5/13/2019 (Permalink)
May is ALS awareness month.
ALS, or amyotrophic lateral sclerosis, is a progressive neurodegenerative disease that affects nerve cells in the brain and the spinal cord. A-myo-trophic comes from the Greek language. "A" means no. "Myo" refers to muscle, and "Trophic" means nourishment – "No muscle nourishment." When a muscle has no nourishment, it "atrophies" or wastes away. "Lateral" identifies the areas in a person's spinal cord where portions of the nerve cells that signal and control the muscles are located. As this area degenerates, it leads to scarring or hardening ("sclerosis") in the region.

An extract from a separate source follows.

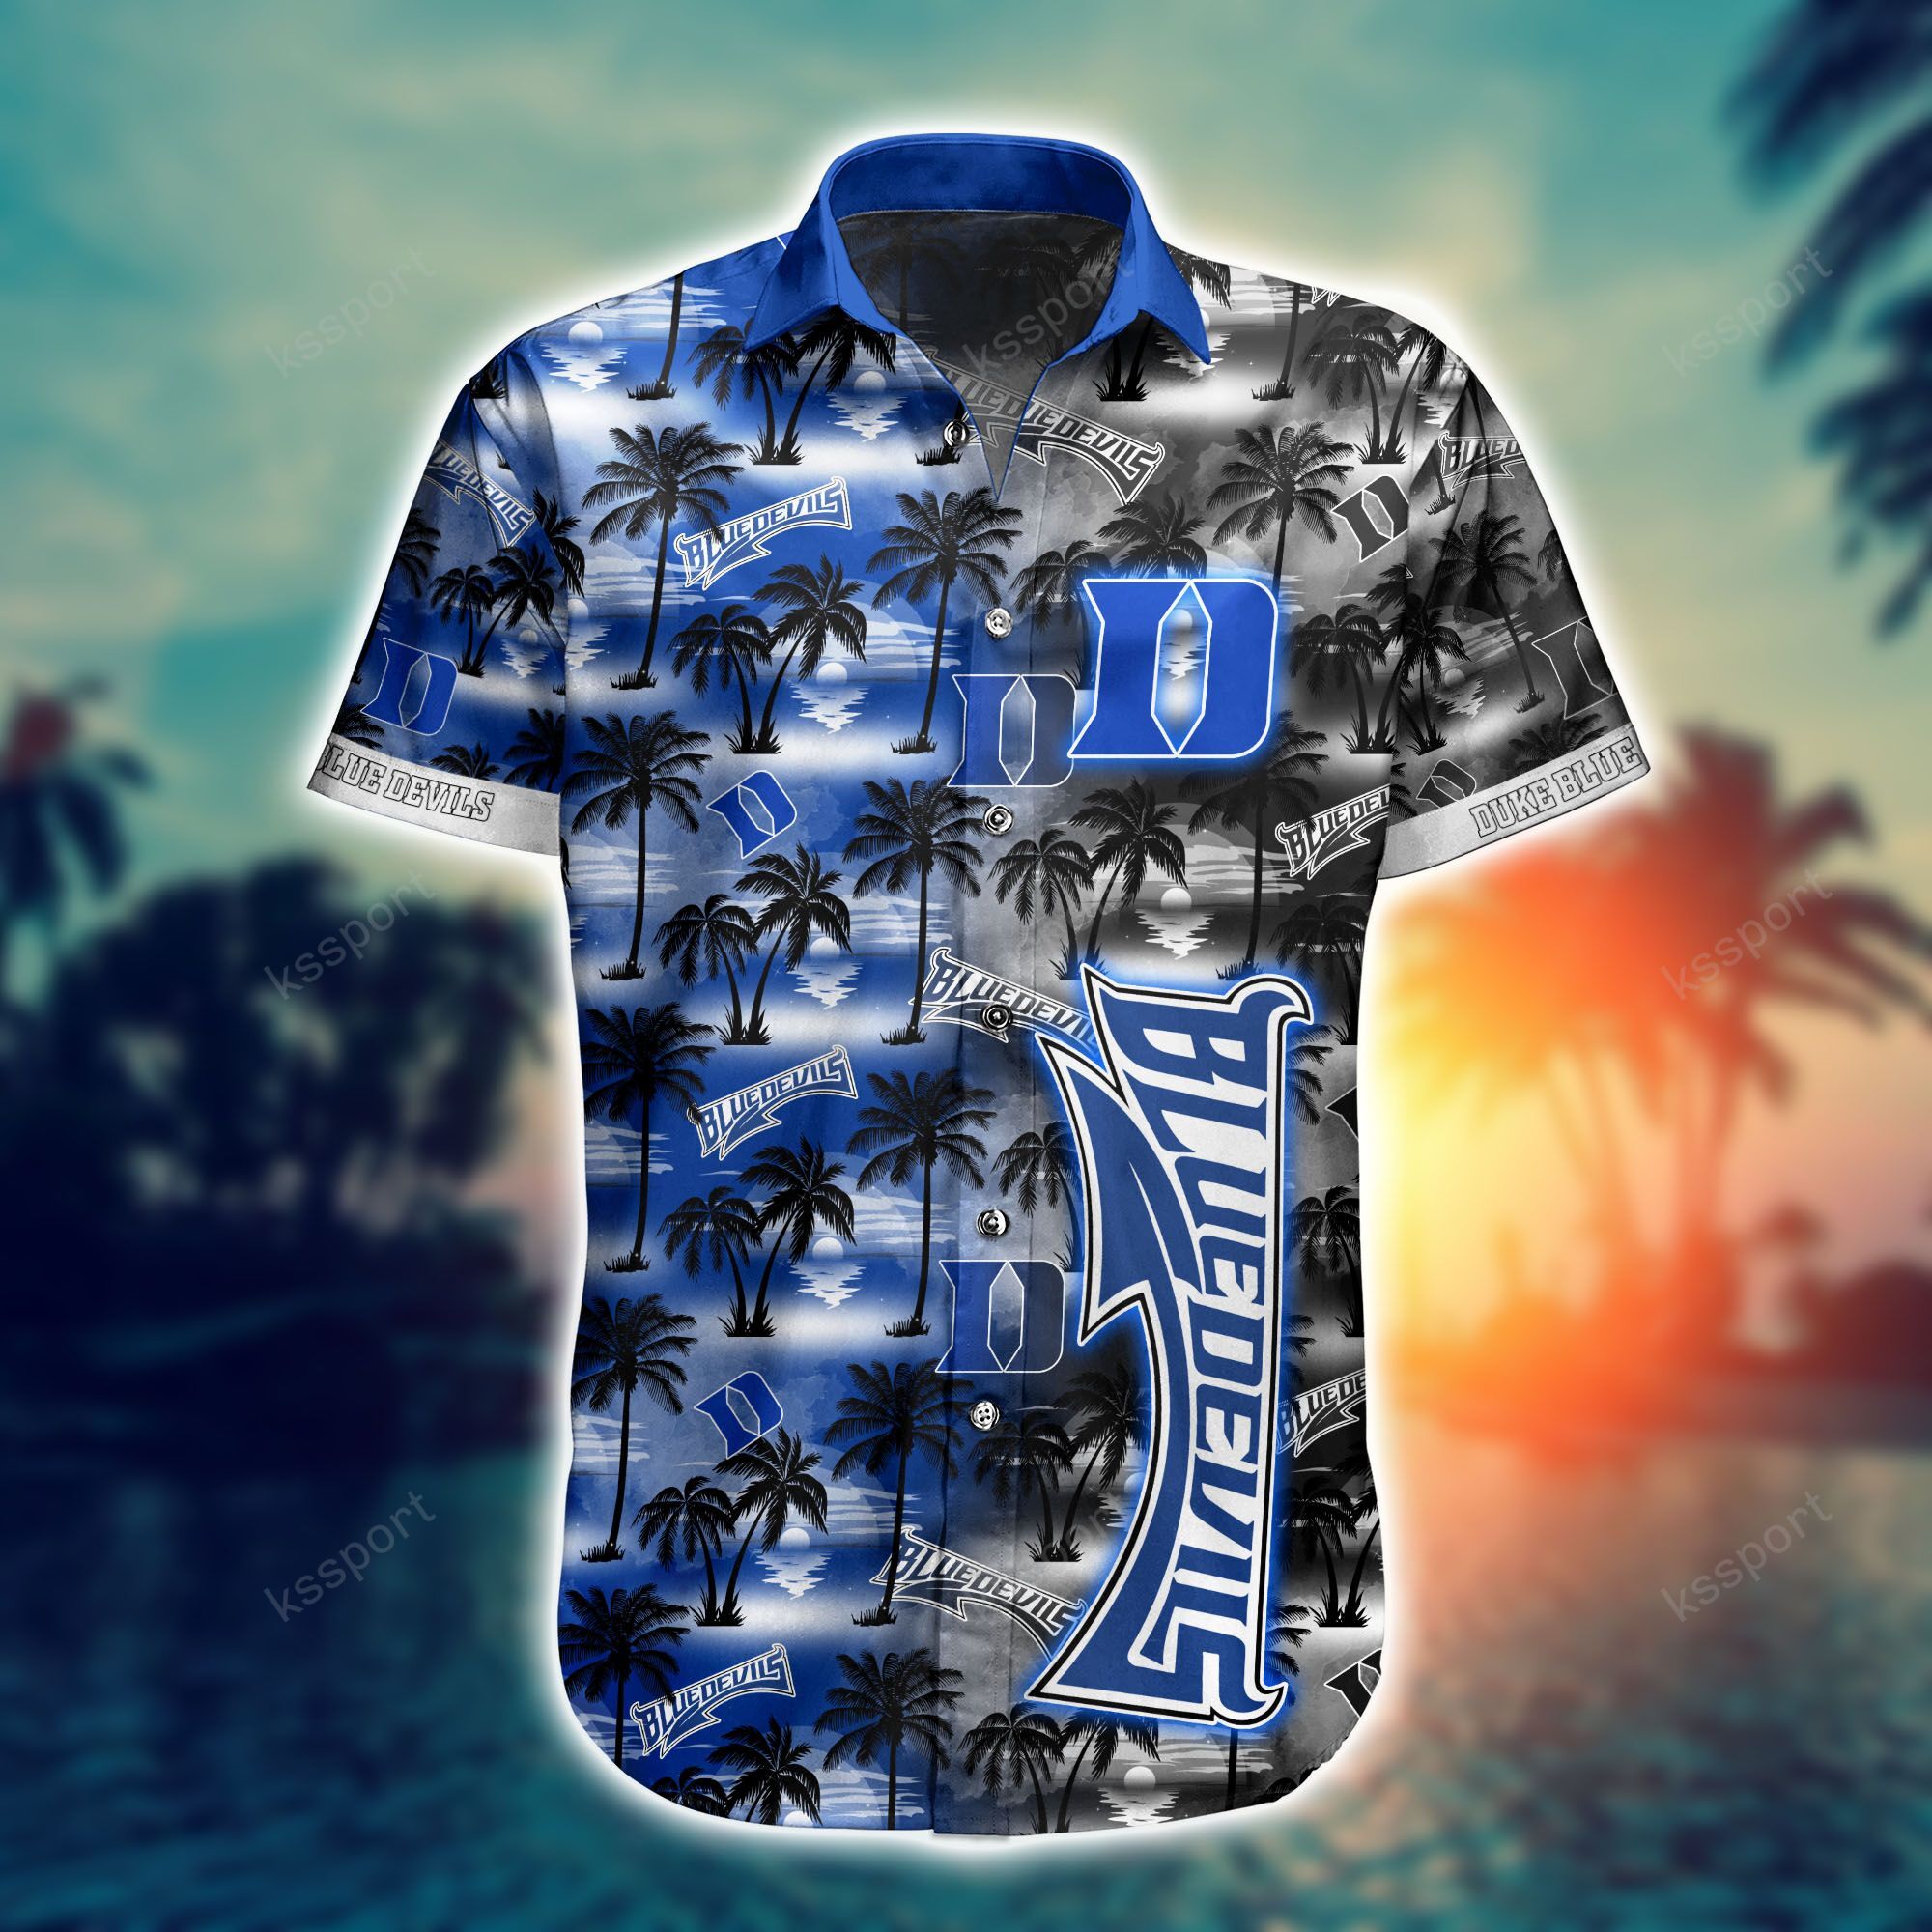 Top cool Hawaiian shirt 2022 - Make sure you get yours today before they run out! 132
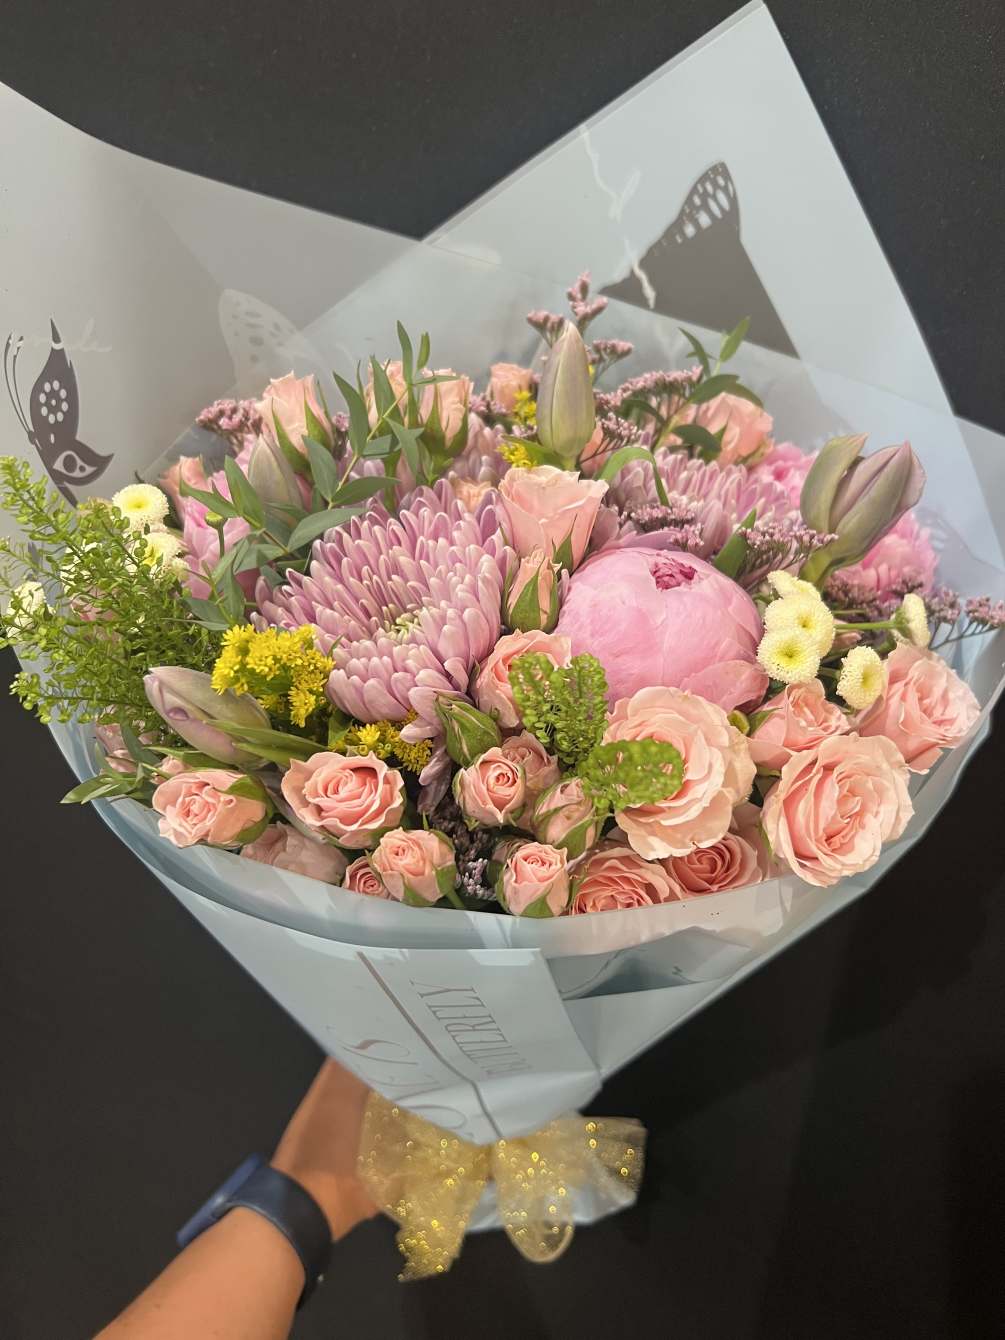 Beautiful bouquet of flowers peonies,tulips,spray roses and more mix of flowers to

Motor neurons reach from the brain to the spinal cord and from the spinal cord to the muscles throughout the body. The progressive degeneration of the motor neurons in ALS eventually leads to their demise. When the motor neurons die, the ability of the brain to initiate and control muscle movement is lost. With voluntary muscle action progressively affected, people may lose the ability to speak, eat, move and breathe. The motor nerves that are affected when you have ALS are the motor neurons that provide voluntary movements and muscle control. Examples of voluntary movements are making the effort to reach for a smart phone or step off a curb. These actions are controlled by the muscles in the arms and legs.
ALS usually strikes people between the ages of 40 and 70, and it is estimated there are at least 16,000 Americans who have the disease at any given time (although this number fluctuates). For unknown reasons, military veterans are approximately twice as likely to be diagnosed with the disease as the general public.